Schéma 2 : Voie de synthèse n°2 reconstruite à partir de la littérature par mon prédécesseur C. Lemouchi.

Cette seconde voie se fait avec une étape supplémentaire et fait intervenir la protection des cétones par des acétals (contre des thioacétals dans la première voie). Cela permet de réduire les deux esters éthyliques sans dégrader les cétones. Après avoir obtenu le diol 6, les acétals sont déprotégés pour permettre la réduction des cétones par une réaction de Wolff-Kishner.

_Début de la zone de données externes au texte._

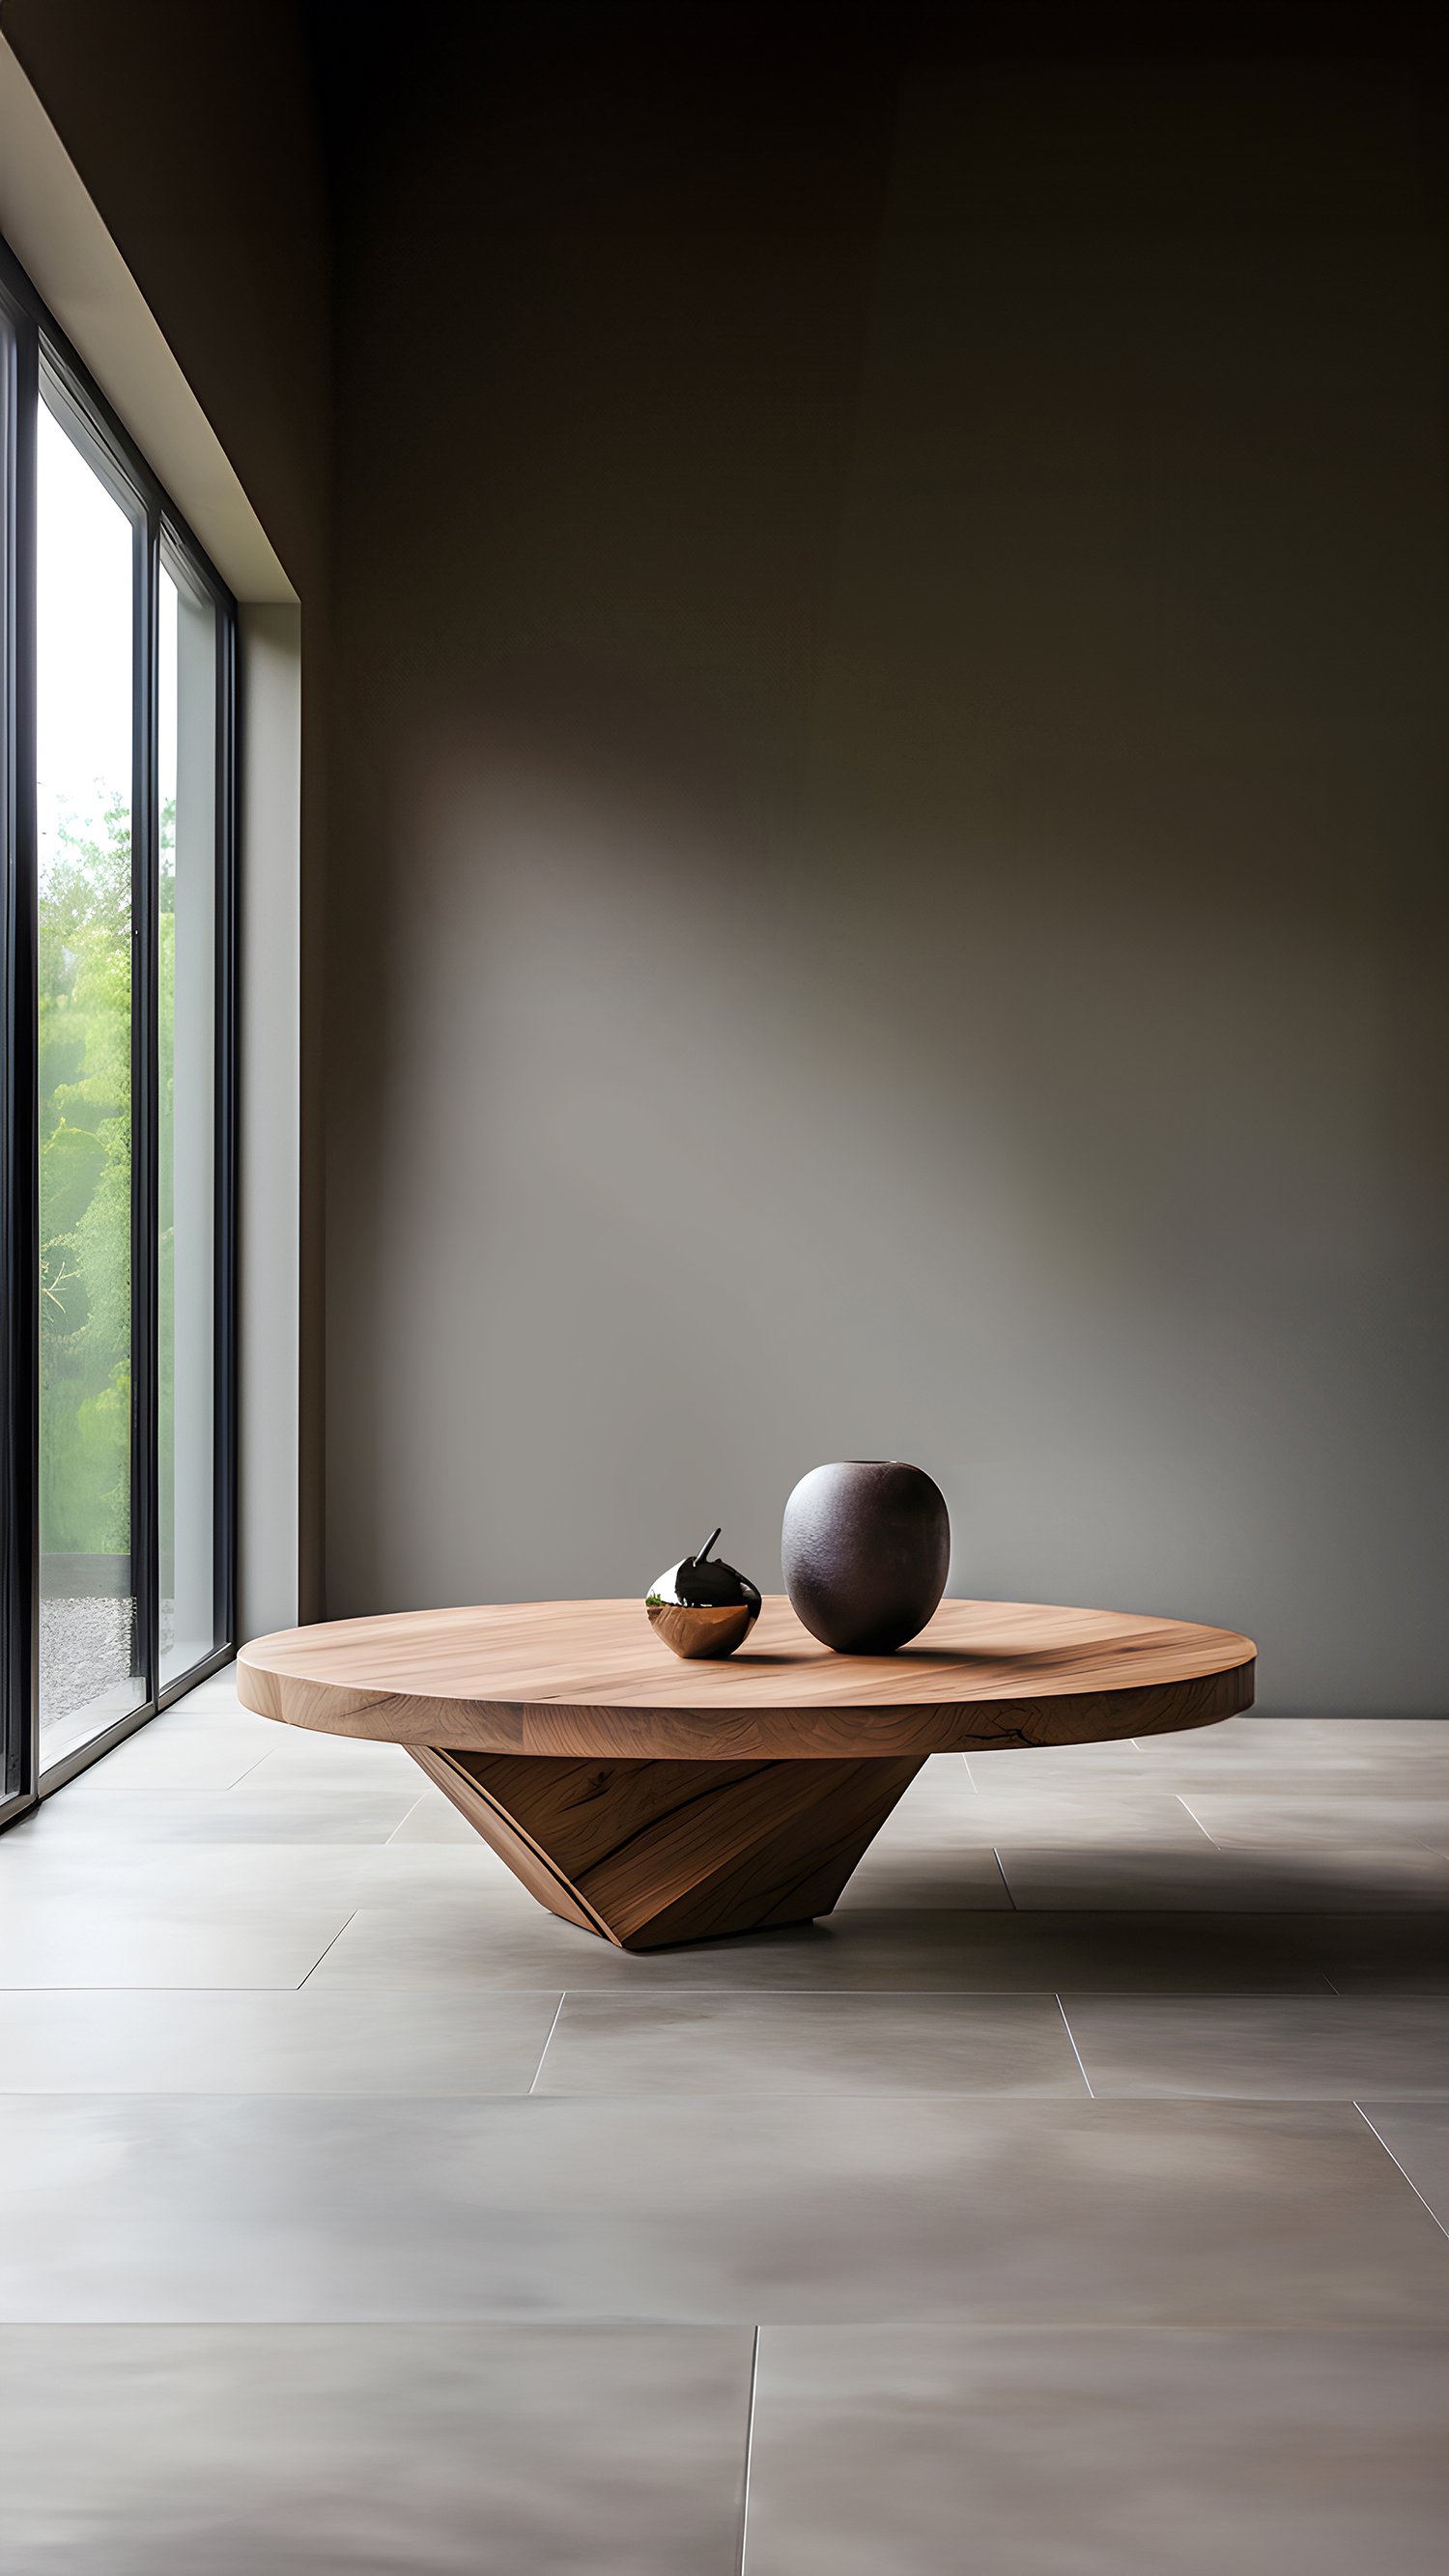 Sculptural Coffee Table Made of Solid Wood, Center Table Solace S27 by Joel Escalona — 7.jpg
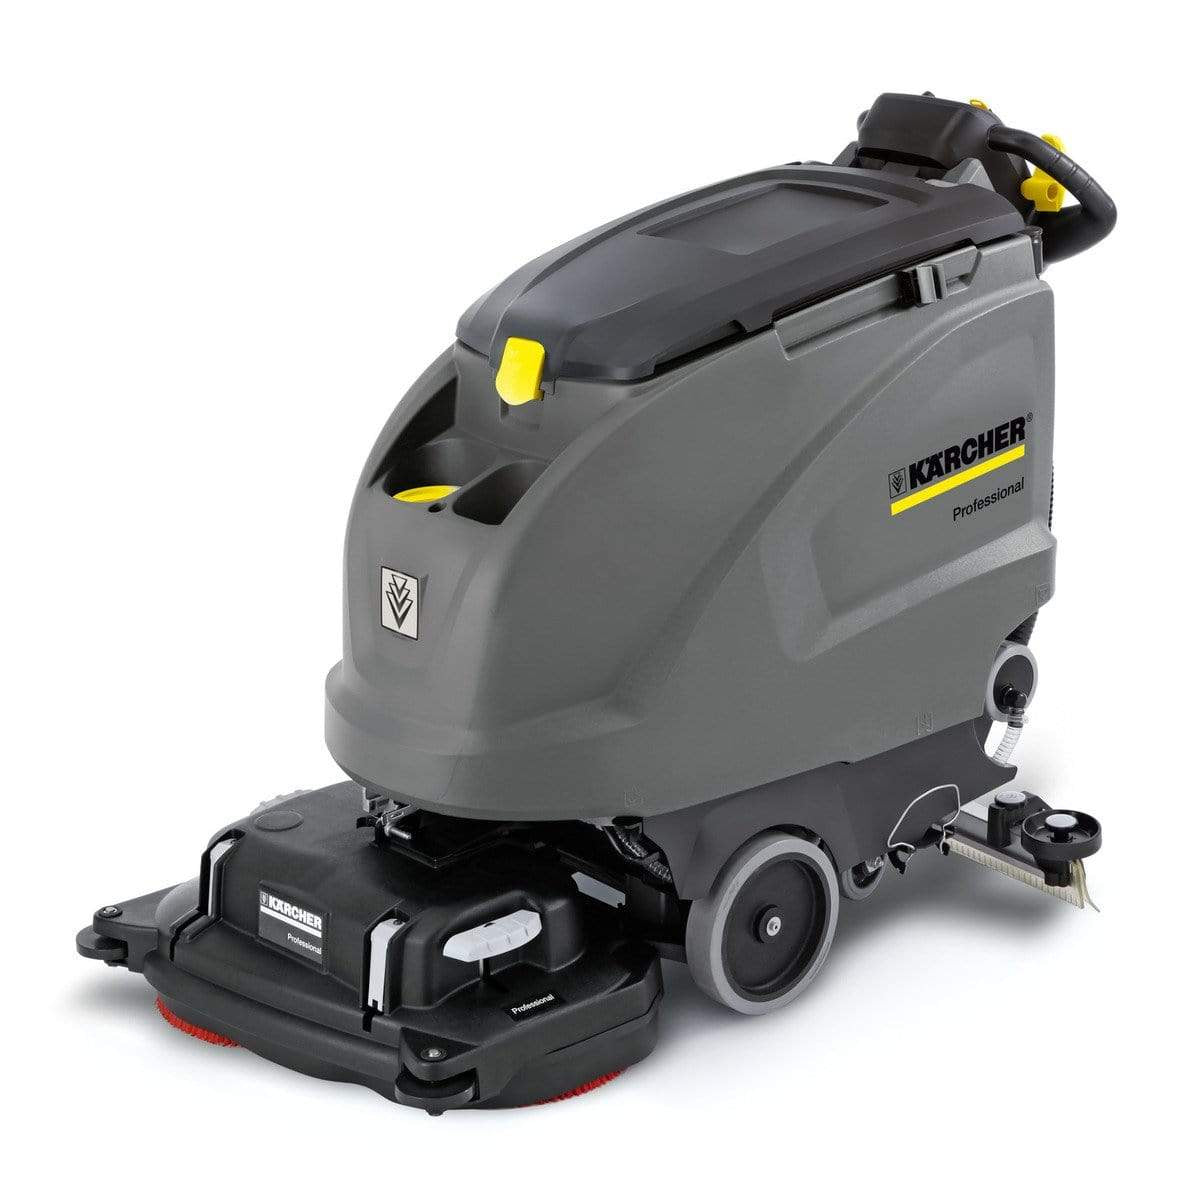 Karcher Scrubber Drier - B 60 W | Supply Master | Accra, Ghana Tools Building Steel Engineering Hardware tool

A ce jour, seul ces deux voies de synthèse, décrites dans la littérature, permettent d’obtenir le motif 1,4-diéthynylbicyclo[2.2.2]octane 9. Comparons-les afin de justifier le choix de la voie développée au laboratoire.

Elles commencent par deux étapes communes. La première consiste en la formation d’un premier motif cyclohexane 1 à partir de la condensation de Dieckmann de deux molécules de succinate de diéthyle. La seconde est l’introduction de la troisième pale du rotor par réaction en milieu basique du diester avec du 1,2-dibromoéthane.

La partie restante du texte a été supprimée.